И снова наша процессия пересекла здание вокзала. О попутчике не было сказано ни слова.
Как же приятно дышится! Воздух здесь не золотится, не шевелится, он прозрачный, невесомый и синий-синий. Над нами, вокруг, в нас звон колоколов, и рядом тетя, и впереди почти целый день. Занятия у нее начнутся только в четыре, а завтра она вообще не работает. Я не выпускал ее руку.
Мы бродили по набережным, дошли до собора Санта Мария делла Спина, «церквушка-игрушка» — так называет ее отец. «Точно ростом с тебя, правда, Фредрик?»
Тетя была в бархатном темно-вишневом костюме и пепельной кофточке с кружевным воротником. Густые черные волосы она, как обычно, собрала сзади в тяжелый узел, оттягивавший ворот.
Мы сидим с тетей рядышком и шепчемся «о другом». Все время «о другом», а о чем еще? Это неопасно. Теперь ничто неопасно.
Появилась Мирелла. Я глубоко вздохнул — и вот она. Точно я ее выдул.
— Как у тебя хорошо, — порадовалась мама, когда мы все собрались в тетиной комнатке. Мы расселись по ее постели, стулу, маленькому диванчику. А я устроился на подоконнике, потому что я люблю сидеть на подоконниках. И Мирелла здесь — но это не к спеху. Мы могли переглянуться, улыбнуться друг другу — так просто.
— А я могу раз — взлететь и покружить под потолком, — сообщил я ей. — А если ты распахнешь окно, то я пролечу над всеми-всеми крышами и усядусь на маковке вашей кособокой башни.
Не удивлюсь, если я сказал что-нибудь совершенно другое. Я путаюсь в итальянских словах и говорю поэтому совсем не то, что хочу. Но Мирелла засмеялась, покачала головой и прошептала:
— И я с тобой! — И посмотрела на меня с восторгом.
— Твои глаза похожи на гранат у мамы на кольце, — это я так сказал (такую глупость можно сморозить от радости?!), потом мы поели spaghetti и vitello alle Milenese в крохотной tratoria и пошли в класс.
Мирелла танцевала в первой группе.
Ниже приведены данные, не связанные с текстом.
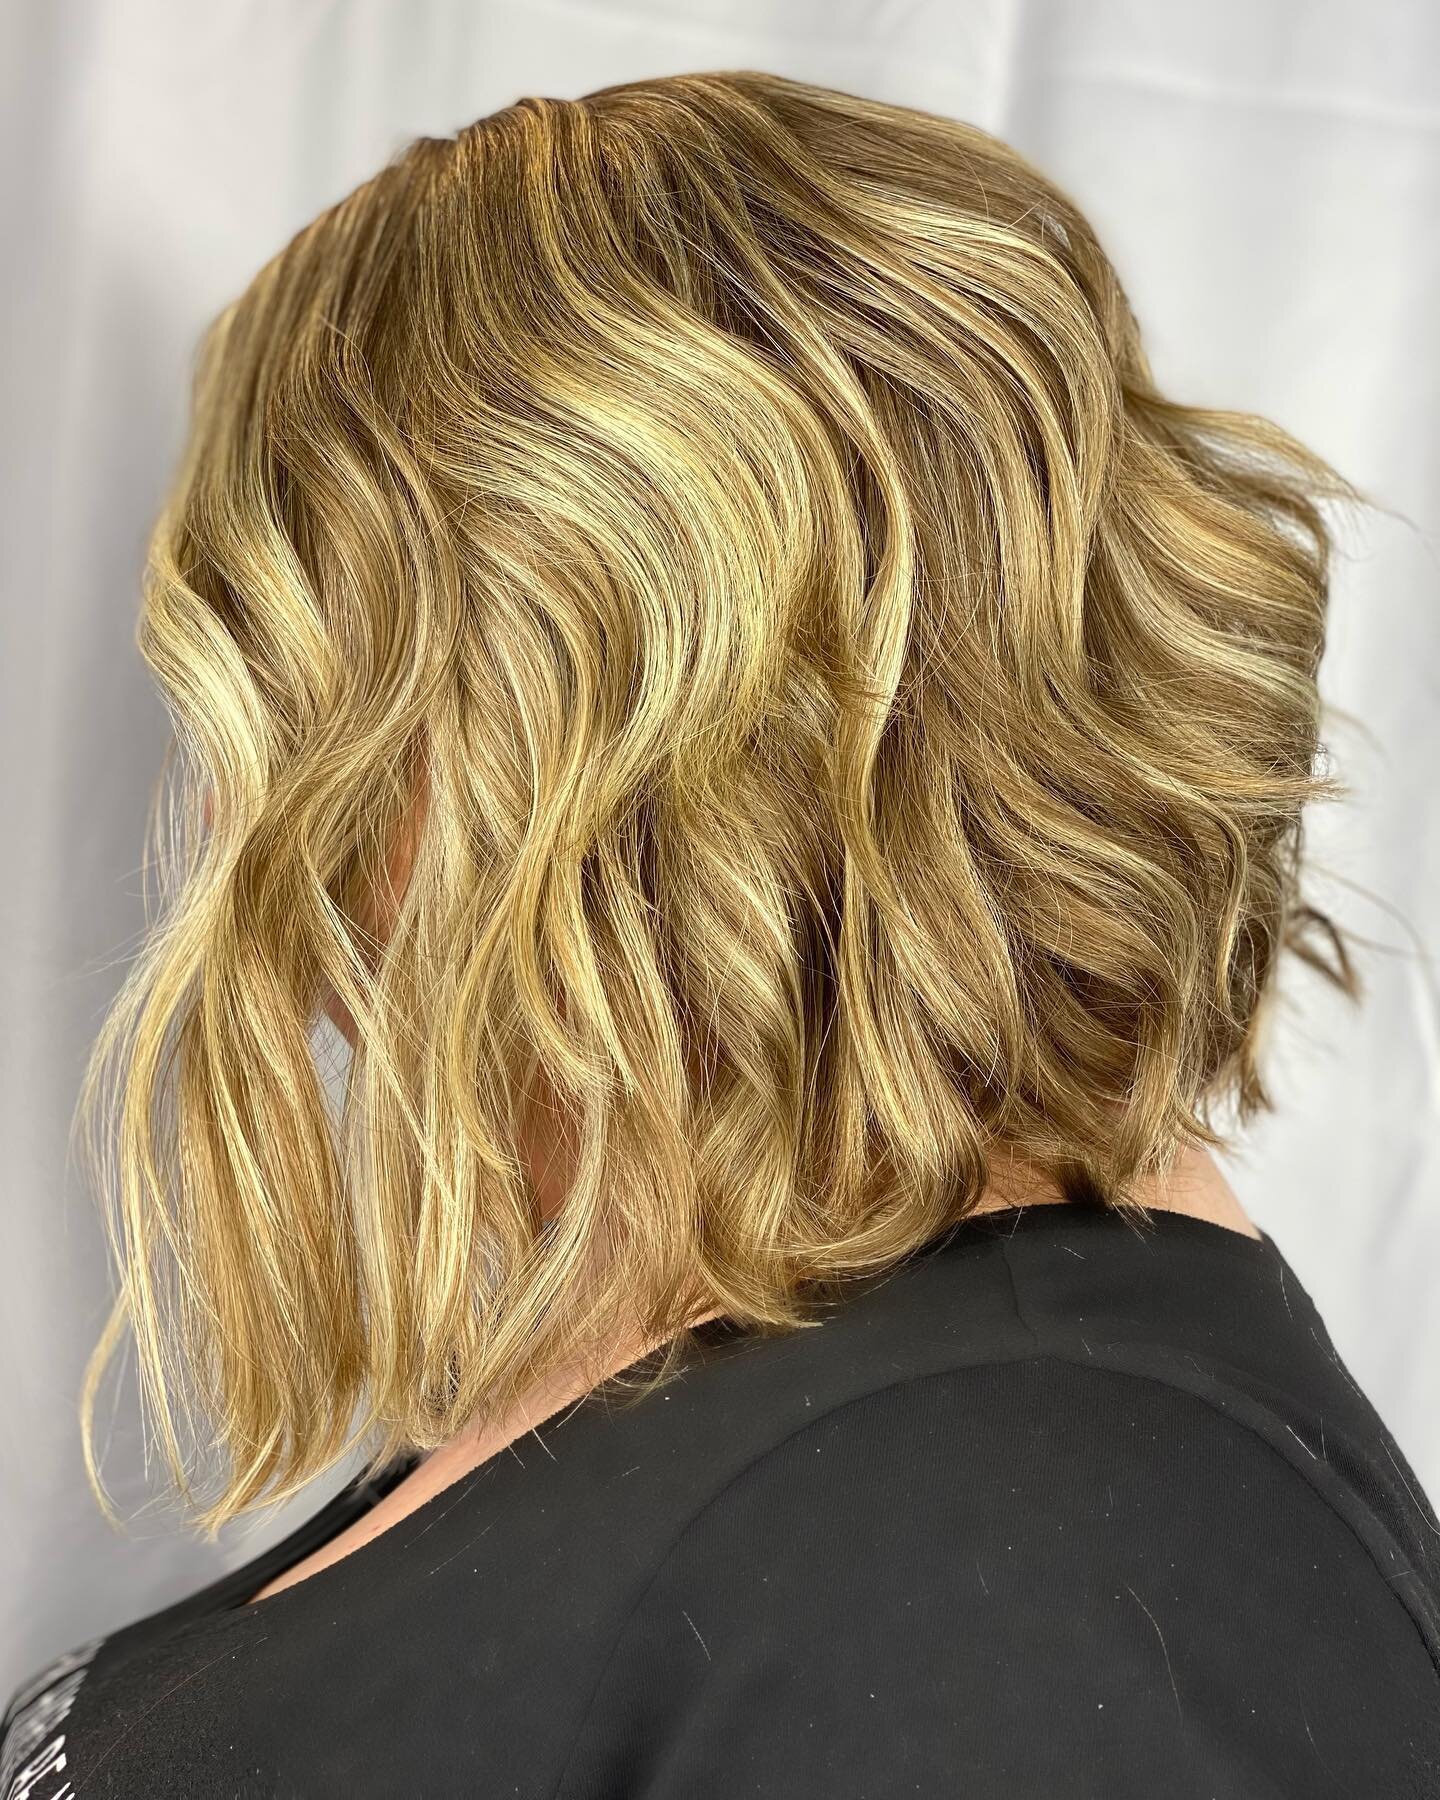 This beauty was ready for a big change. After a year long hiatus from getting her hair done, she was ready for a big haircut and brighter blonde. 
She has an absolute obscene amount of hair! We cut before the balayage, wet cut and then dry cut to deb

Она не хочет, чтобы я смотрел, как она будет это делать, — ее слова. Поэтому я делал вид, что рассматриваю книжицу о Лолло Ромпиколло, которую отец купил Малышу на вокзале во Флоренции. Отец все время покупал всякие такие комиксы, потому что они «побили в Италии все рекорды» и потому что, на его взгляд, это лучший учебник итальянского для детей. Больше других ему нравился журнал «Horrore», где были только страшилки и ужасы. Когда отец читал его, он хохотал до слез и икоты.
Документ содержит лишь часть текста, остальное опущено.